To prove the effectiveness of various modules of our model, we conducted ablation experiments on the model, as shown in Table 4. First of all, “-IA” means that the model removes the interactive attention we designed, and uses the output of BiGRU to directly perform joint expressions and then make predictions. According to the Table 4, the scores of F1 decreased in different degrees in the three tasks, which fully indicates that removing the interactive attention will lead to a decrease in prediction accuracy. At the same time, compared to ECPE-2D, even without interactive attention, our ECPE task F1 has achieved better results when the subtask does not have a good result of ECPE-2D. As a result, this shows that our framework has certain advantages in the pairing of emotion-cause pairs.

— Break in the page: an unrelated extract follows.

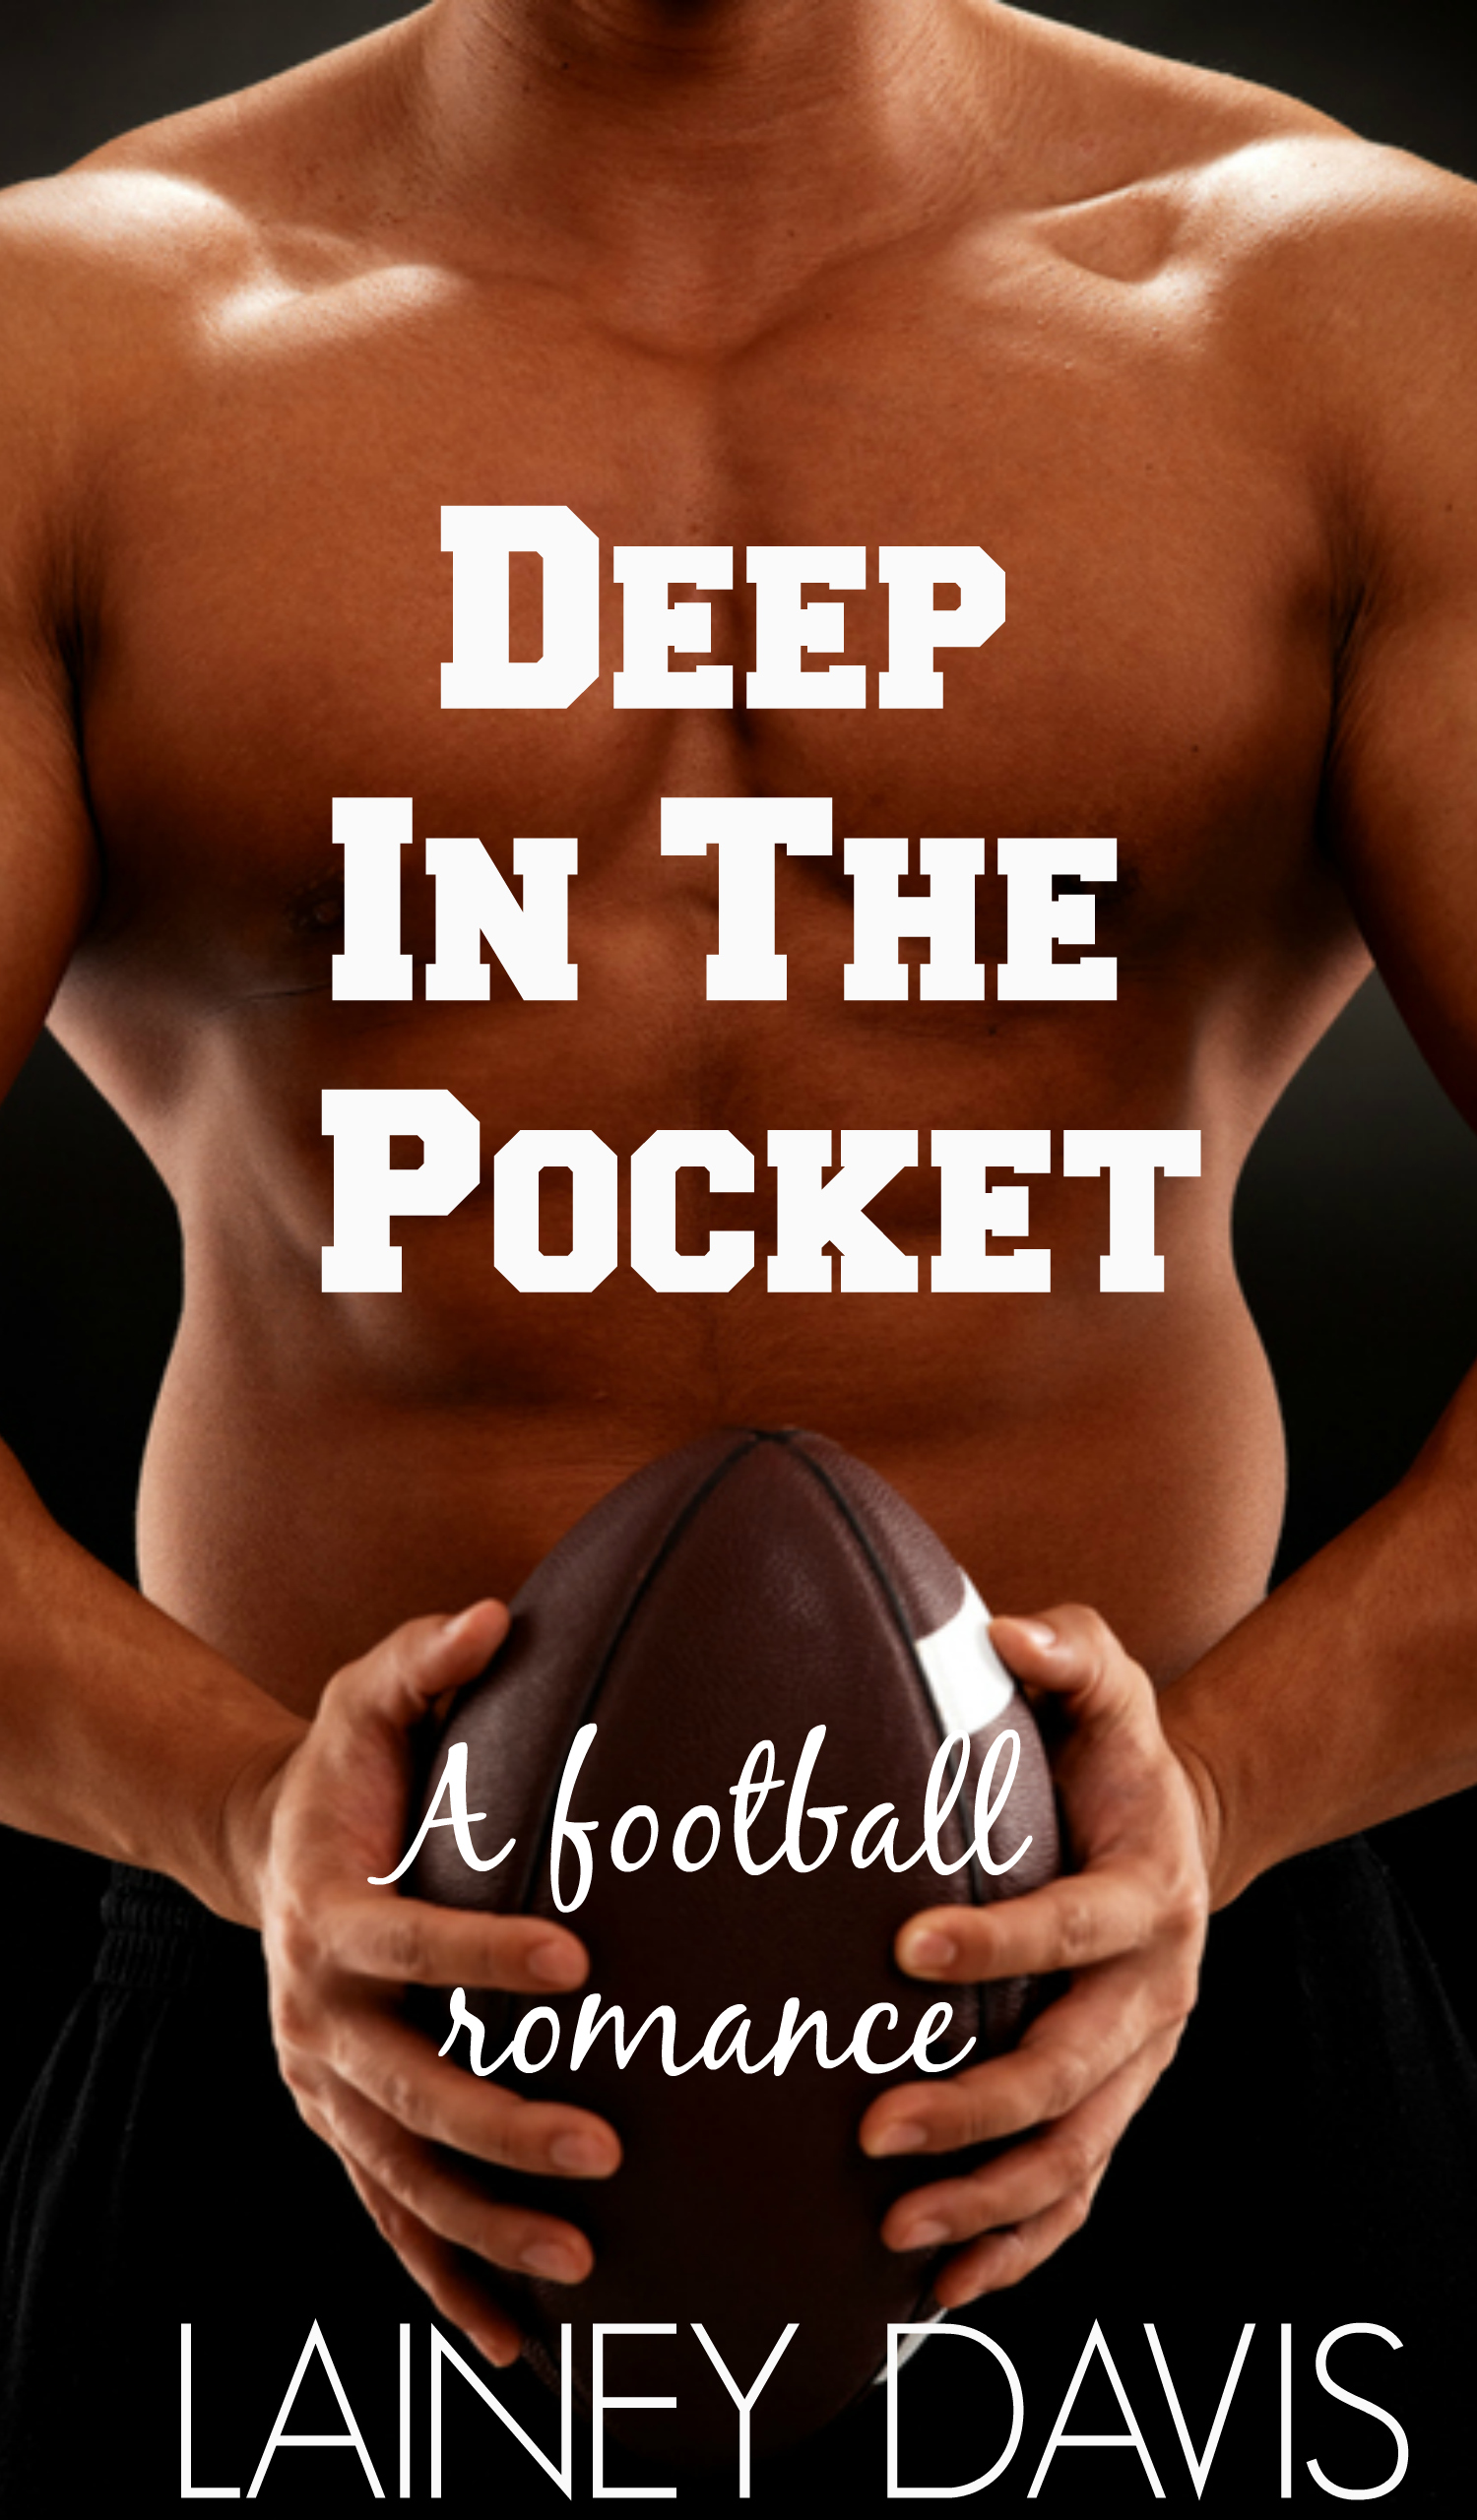 FREE: Deep in the Pocket by Lainey Davis

Table 4 Ablation study of our method

Secondly, we conducted an ablation experiment on the fusion mechanism, “+IA-M”, which means that the interactive attention has been added but the fusion mechanism in the interactive attention has been deleted. Compared with the former, the F1 of the three tasks has increased, and the P has also increased significantly, which fully demonstrates the effectiveness of interactive attention. By looking at R, it can be seen that IA-ECPE has improved scores on both subtasks and the ECPE task compared to the +IA-M model. We guess that IA-ECPE is beneficial to improve the recall rate, and it is precisely because of the improvement of the index R that our F1 on the three tasks is improved. These results fully demonstrate the effectiveness of our proposed IA-ECPE framework.

5 Conclusion

In response to the new tasks in the field of sentiment analysis in recent years, the emotion-cause pair extraction task (ECPE), we propose an end-to-end model based on interactive attention. In our model, the emotion clause set and the cause clause set are input into the interactive attention respectively to learn the relationship between the emotions and the causes, get new clauses representation, and then conduct fusion pairing. This approach not only learns the relationship between pairs and pairs, but also considers the interaction between affective clauses and cause clauses. At the same time, through BiGRU, interactive attention reduces the amount of model parameters, reduces training time and improves training accuracy. The experimental results show that our method shows good experimental results on the quasi-base data set. Moreover, the ablation experiment further proved the effectiveness of our method. In the future, we plan to study the conditional random field on the ECPE task and apply it to our model, and use BERT for word pre-training in our framework. We think this may be more conducive to improving the prediction accuracy.